Сен-Map подоспел как раз вовремя, чтобы спасти их; он назвал себя сержантом и, воспользовавшись Граншаном как переводчиком, сказал, что двое пленников принадлежат ему и что он отведет их в свою палатку; он капитан королевских гвардейцев и ответственность берет на себя. Немец, как человек дисциплинированный, не осмелился возражать; сопротивление оказал только сам пленный офицер. Еще стоя на лесенке, он обернулся и точно с кафедры сказал с язвительной усмешкой:

— Хотел бы я знать, чего тебе тут надо? Откуда ты взял, что я дорожу жизнью?

— Я об этом и не спрашиваю,— ответил Сен-Мар,— мне совершенно безразлично, что с вами станется потом, но сейчас я хочу воспрепятствовать делу, которое мне представляется несправедливым и жестоким. А потом вы можете лишить себя жизни, если пожелаете.

— Недурно сказано, продолжал свирепый испанец,— ты мне нравишься. Поначалу я подумал, что ты намерен проявить великодушие в расчете, что мне придется благодарить тебя, а этого я терпеть не могу. Ну что ж, я согласен слезть отсюда: но я все-таки буду по-прежнему ненавидеть тебя, ибо ты француз,— предупреждаю тебя об этом и благодарить тебя не стану, потому что мы всего лишь квиты: я сегодня утром помешал этому солдату убить тебя; ведь он уже прицелился, а еще не было случая, чтобы он промахнулся, охотясь на серн в горах Леоне.

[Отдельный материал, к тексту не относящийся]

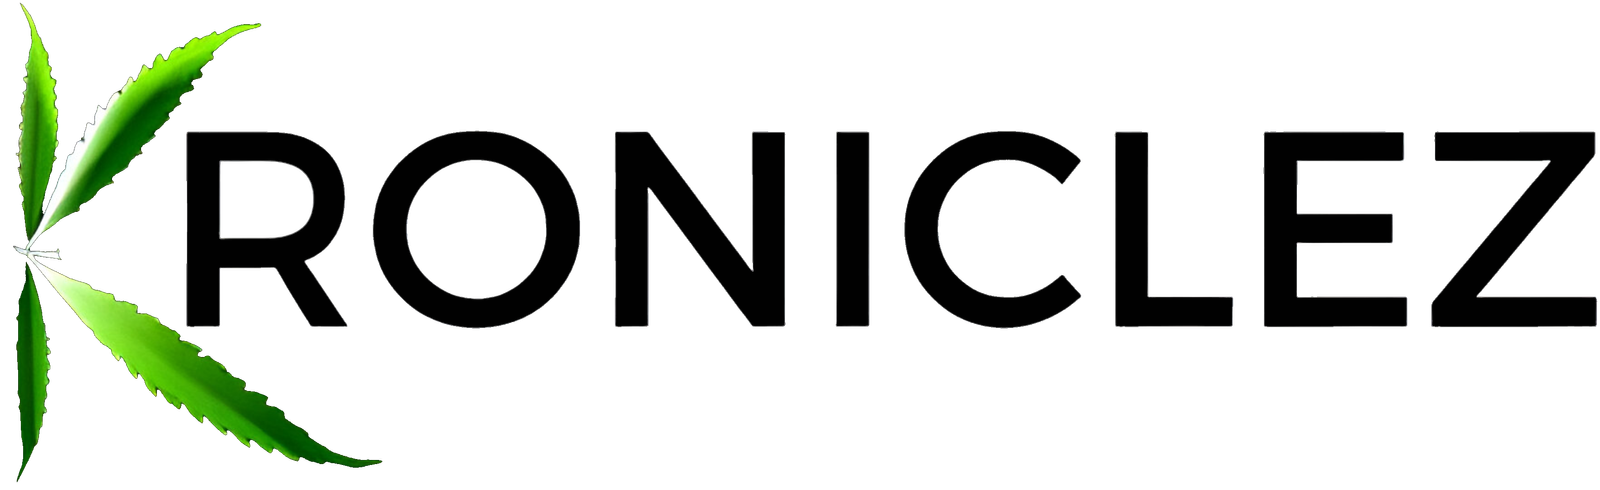 Kroniclez-black-logo

— Пусть так,— сказал Сен-Мар,— слезайте.

Он давно взял себе за правило относиться к людям так же, как сами они ведут себя по отношению к нему, и резкость испанца вызвала в нем ответную суровость.

— Ну и отчаянный же молодчик, ваше сиятельство,— заметил Граншан,— на вашем месте господин маршал не позволил бы ему спуститься с лесенки. Эй, Луи, Этьен,

Жермен, возьмите под стражу пленных его сиятельства и ведите их. Нечего сказать, хороша находка. Весьма удивлюсь, если от нее будет прок.

Каждый шаг лошади причинял Сен-Мару сильную боль; он ехал медленно, чтобы не обогнать пленных, которые шли пешком; вдали он видел колонну королевских гвардейцев, следовавших за королем, и старался предугадать, что именно хочет сказать ему монарх. Луч надежды осветил в его воображении далекий образ Марии Мантуанской, и на время в его душе воцарился мир. Но вся его будущность заключалась в словах: понравиться королю,— и он стал размышлять о том, как много горечи заключено в этой истине.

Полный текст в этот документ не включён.